Retype each line of the material exactly, please, skipping any picture in it.

■ **Provided data**:

--*--

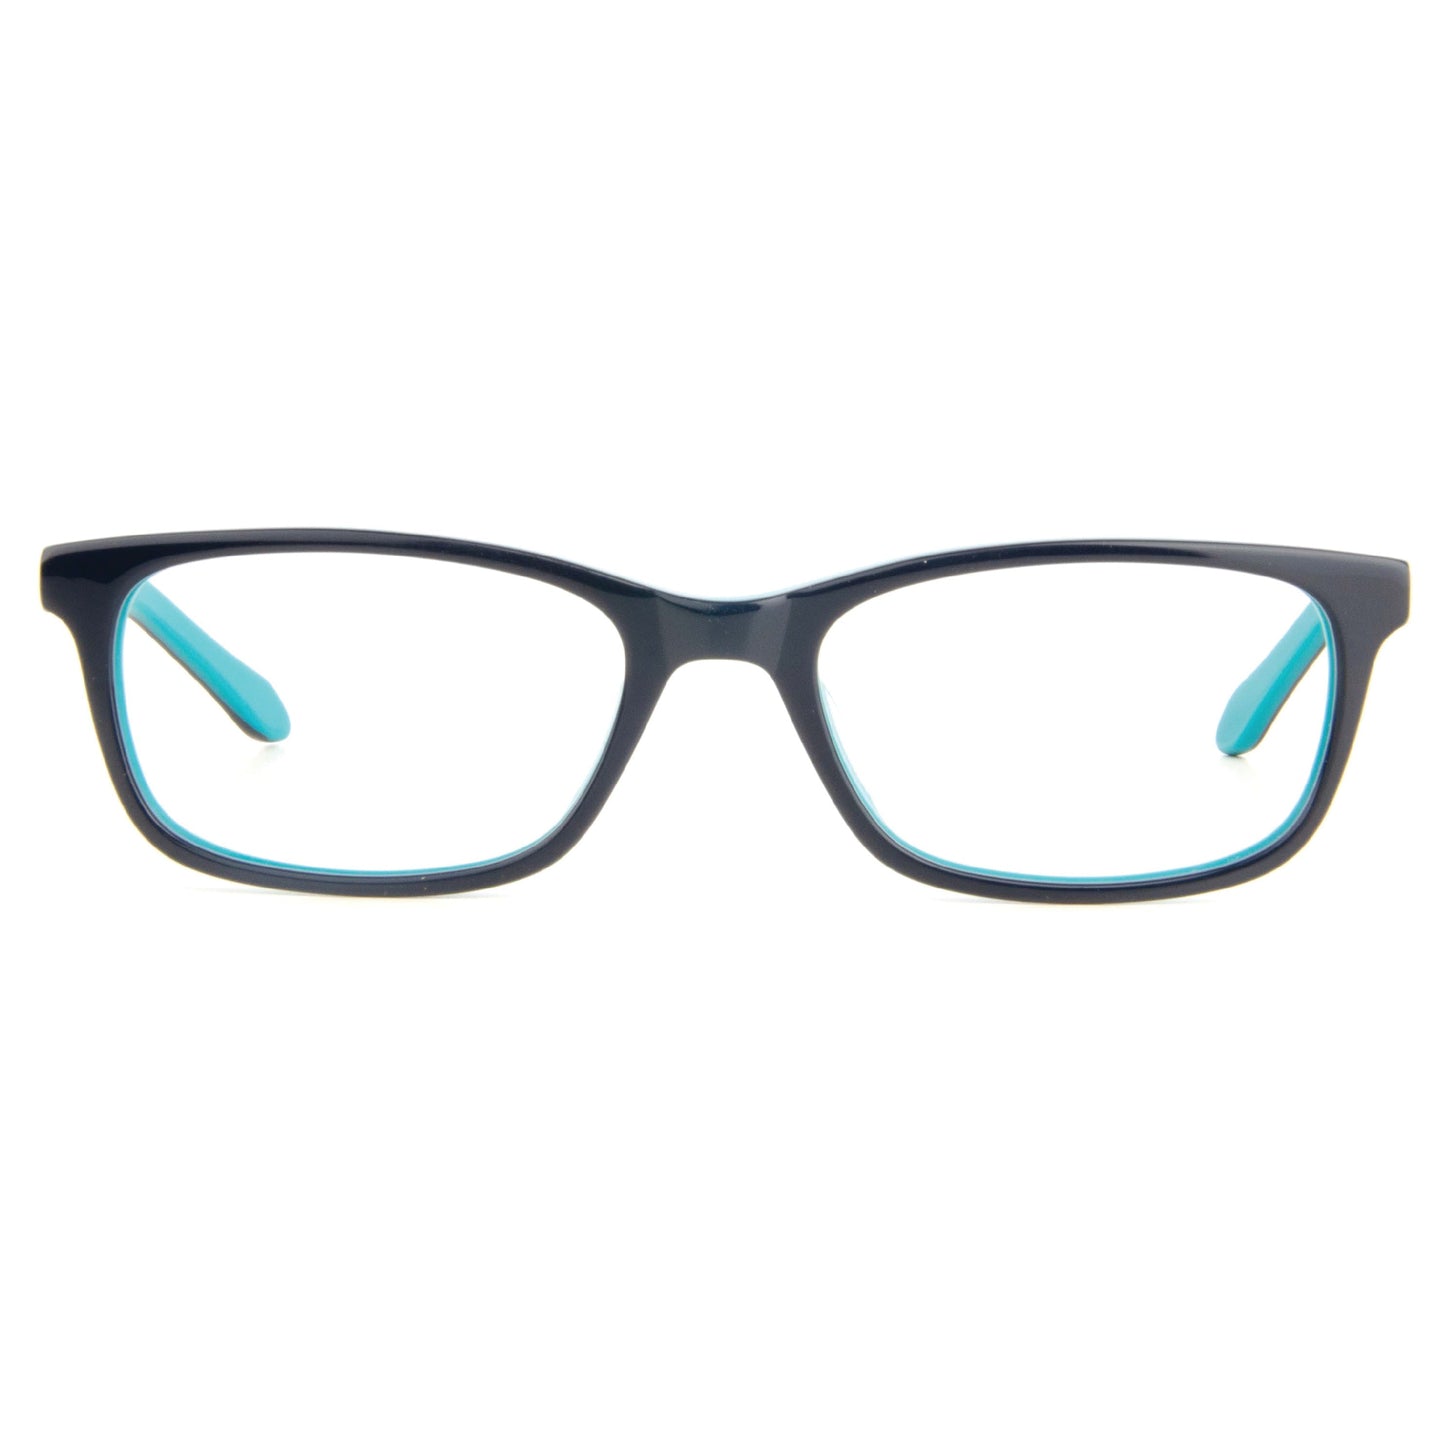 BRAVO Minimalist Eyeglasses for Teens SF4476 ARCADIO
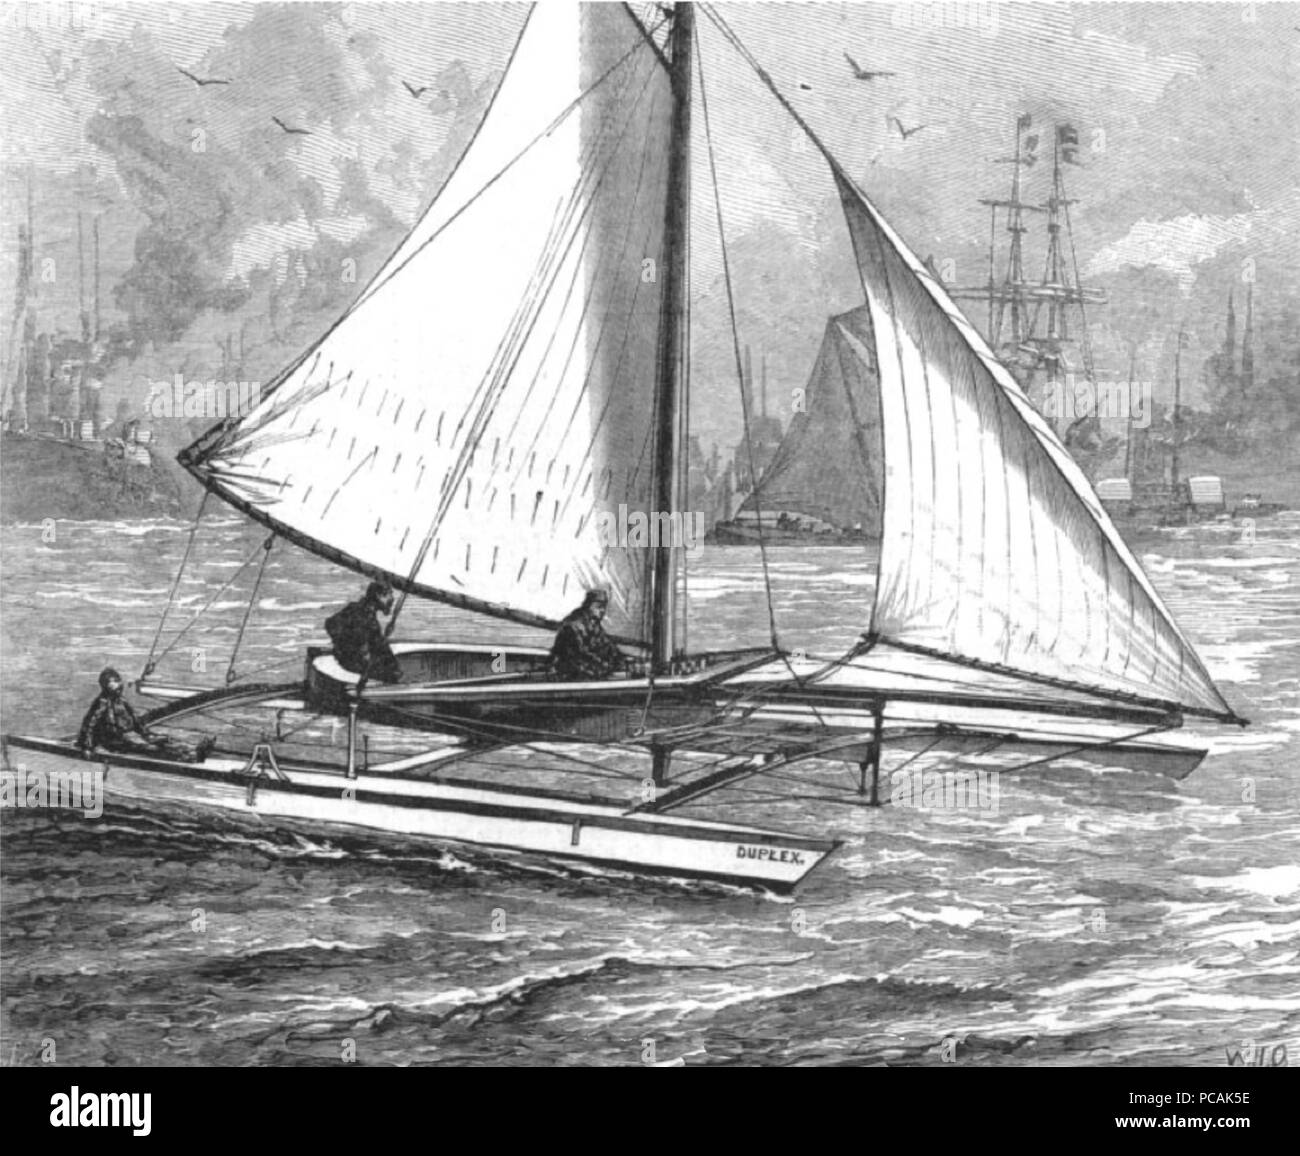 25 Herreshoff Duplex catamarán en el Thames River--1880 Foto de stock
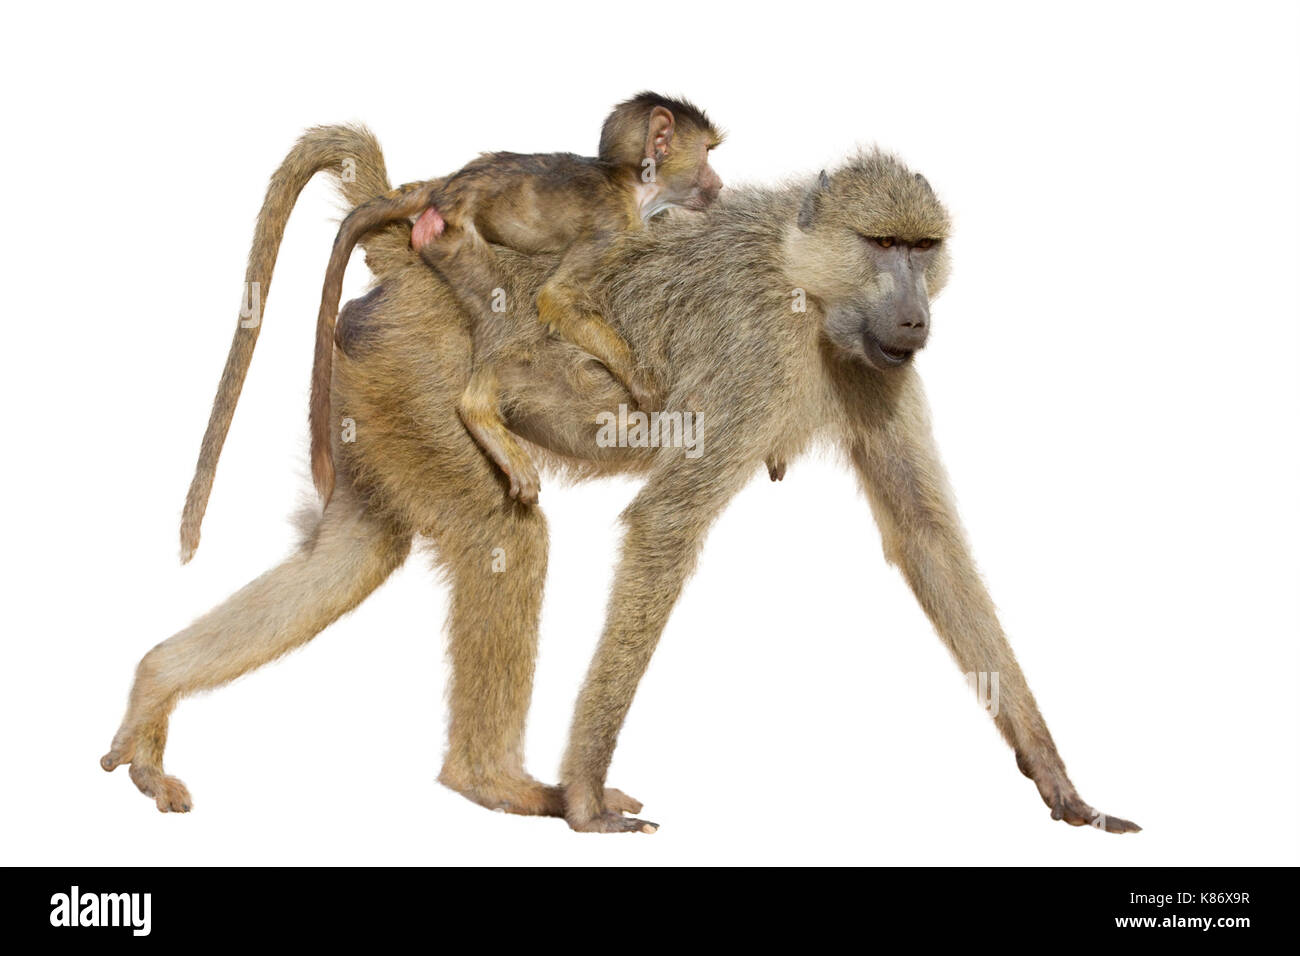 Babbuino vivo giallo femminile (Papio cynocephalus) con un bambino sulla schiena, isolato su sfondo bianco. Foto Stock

--*--

■ **Written response**:
 BRAVO Minimalist Eyeglasses for Teens SF4476 ARCADIO
 25 Herreshoff Duplex catamarán en el Thames River--1880 Foto de stock
 Babbuino vivo giallo femminile (Papio cynocephalus) con un bambino sulla schiena, isolato su sfondo bianco. Foto Stock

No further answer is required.